Japanese CBD Industry Under Existential Threat from Proposed THC Limits

Japanese CBD Industry Under Existential Threat from Proposed THC Limits

In an attempt to throttle any proliferation of intoxicating hemp derivatives, government officials could potentially eviscerate the country's fast-growing CBD market sector.

The question of how to handle hemp, cannabis, and all of their derivative product offerings is not an exclusively American problem. From Europe to China and South America to the Pacific Rim, consumers are rapidly becoming dependent on the medicinal and recreational benefits provided by the cannabis sativa plant.


While cannabis and its sister plant, hemp, are only distinguished by arbitrary THC concentration levels, both generate over 100 cannabinoids ranging from the highly intoxicating delta-9 THC to the non-intoxicating CBD or cannabidiol. With the passage of the 2018 Farm Bill, hemp and its downstream products and uses became legal for cultivation, manufacturing, and retail sales in the United States.


Other countries, like Japan, also allow for a somewhat limited but still robust CBD industry to help their citizens treat conditions traditional, modern medical techniques fail to cure. However, if a new law goes into effect this October, that alternative medicinal avenue may be closed permanently.

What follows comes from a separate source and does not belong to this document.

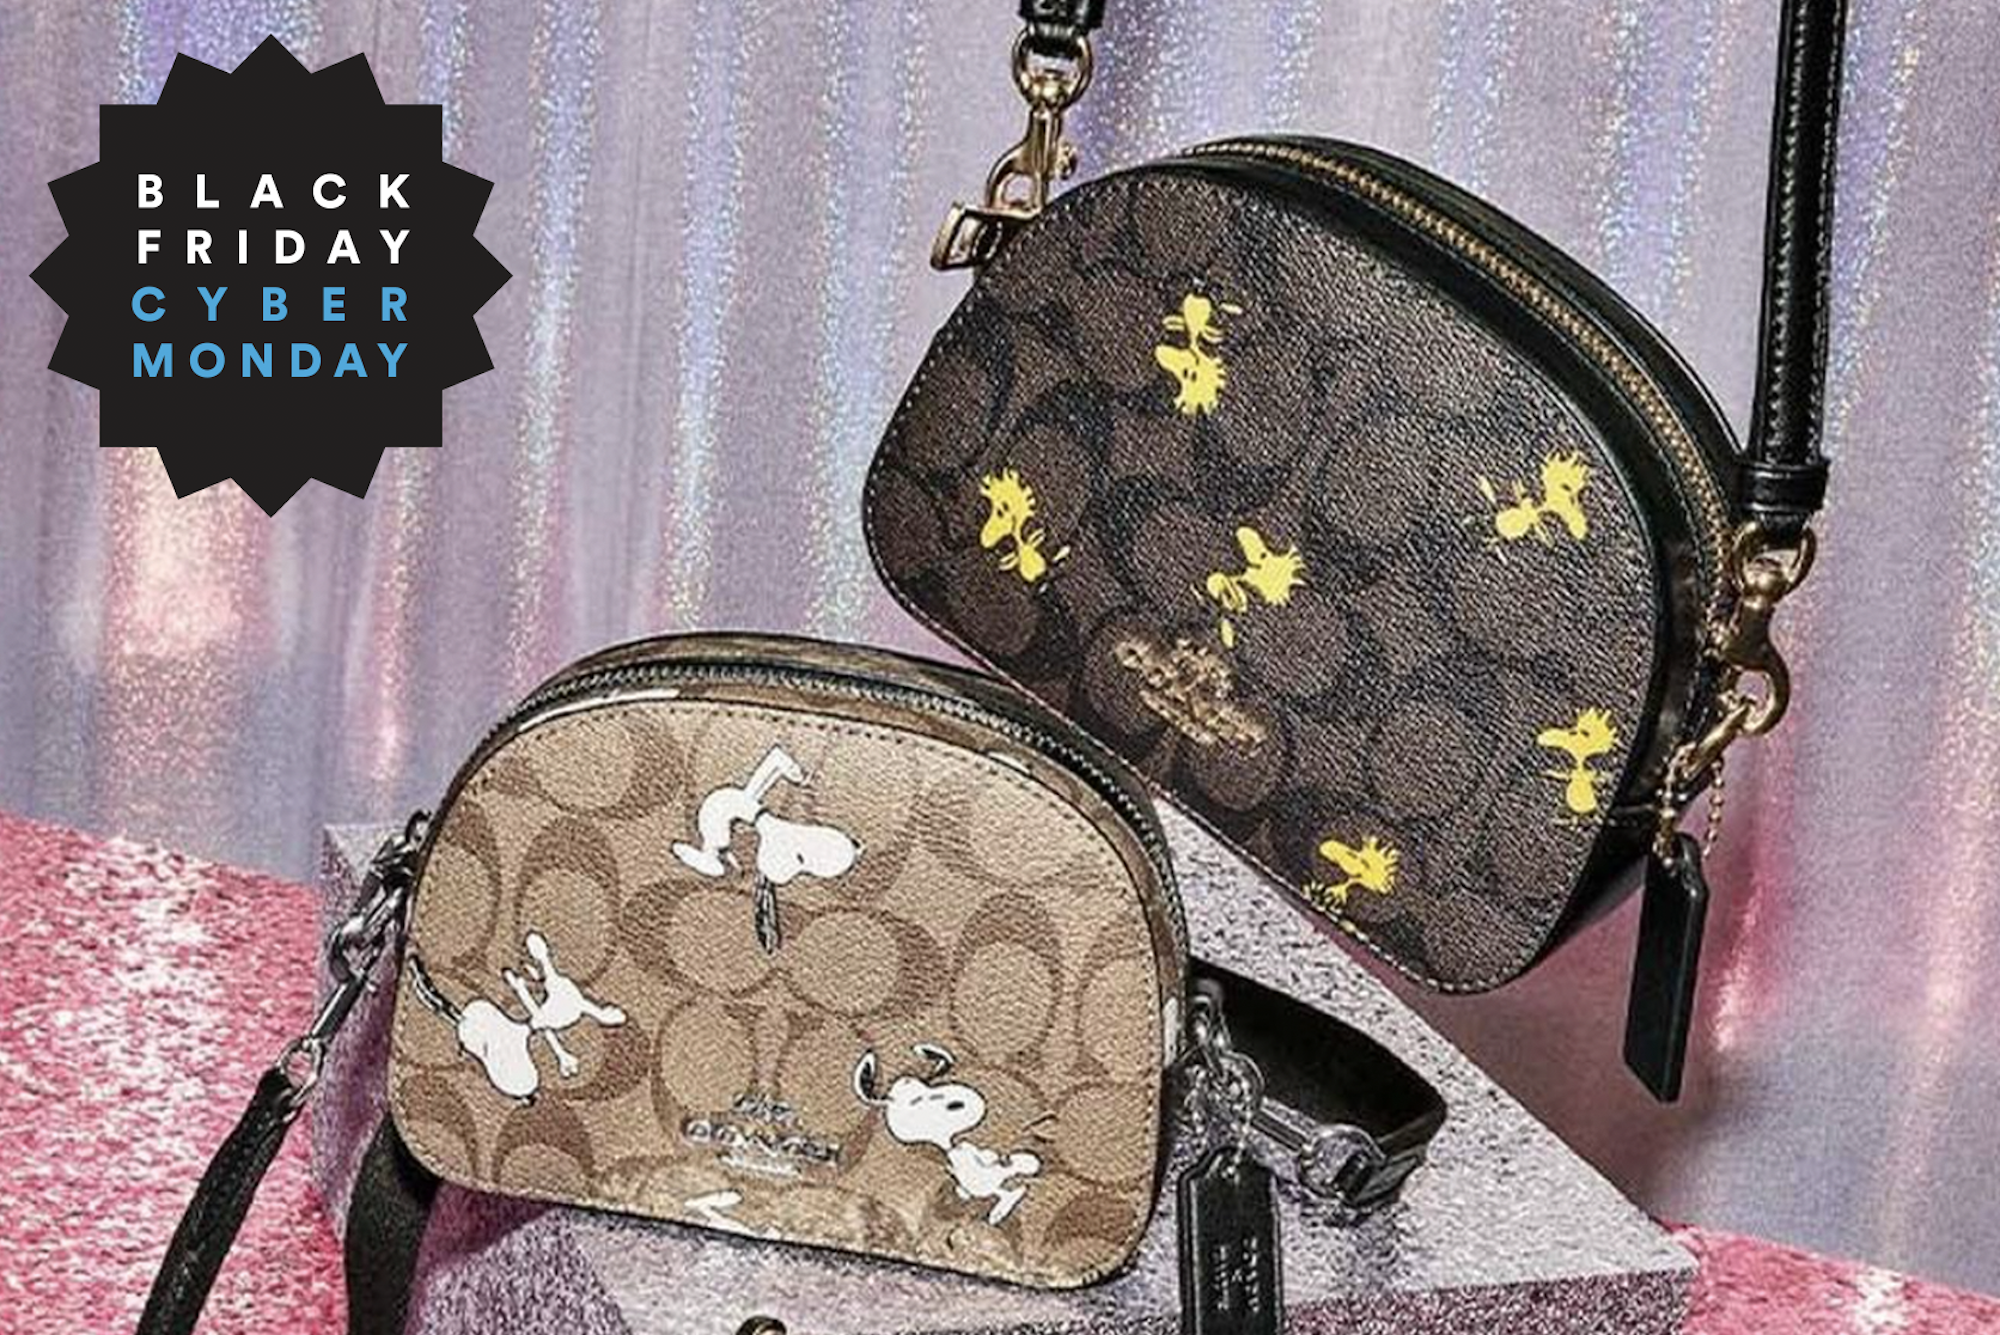 COACH® Outlet  Coach X Peanuts Mini Serena Crossbody With Woodstock

As first reported by MJBizDaily, at the end of 2023, the Japanese government added its first major amendment to the nation's Cannabis Control Act in over 75 years, relaxing regulations for the CBD and hemp sectors. The unexpected change created optimism among advocates and stakeholders for the young markets' growth and expansion.


However, while guidelines related to hemp cultivation have been eased, many industry experts believe the new THC limits set for CBD offerings and other raw materials are impractically low and could threaten the very existence of the burgeoning hemp and CBD industries in Japan.


Under the proposed regulations, THC limits would be set at the following levels:

  • Oil: 10 milligrams/kilograms (0.001%)

  • Drink: 0.1 milligrams/kilograms (0.00001%)

  • Others (Edible, Raw Materials, Cosmetics, etc.): 1 milligram/kilogram (0.0001%)


If the limits are applied, over 90% of current products will fail to meet the stringent standards, creating a domino effect of business closures. Those devastating results could destroy the CBD market, which, according to the Tokyo-based Yano Research Institute, could exceed $530.8 million by 2025 before it even has a chance to reach its full potential.


For now, the details of the proposed THC limits and other cannabis-related changes are open for a public comment period through a government website. Between now and the end of June (less than a week), citizens will be allowed to share their thoughts on the revisions, with an announcement on the government's final decision to be made sometime in July. If approved as is, the restrictions will take effect in October.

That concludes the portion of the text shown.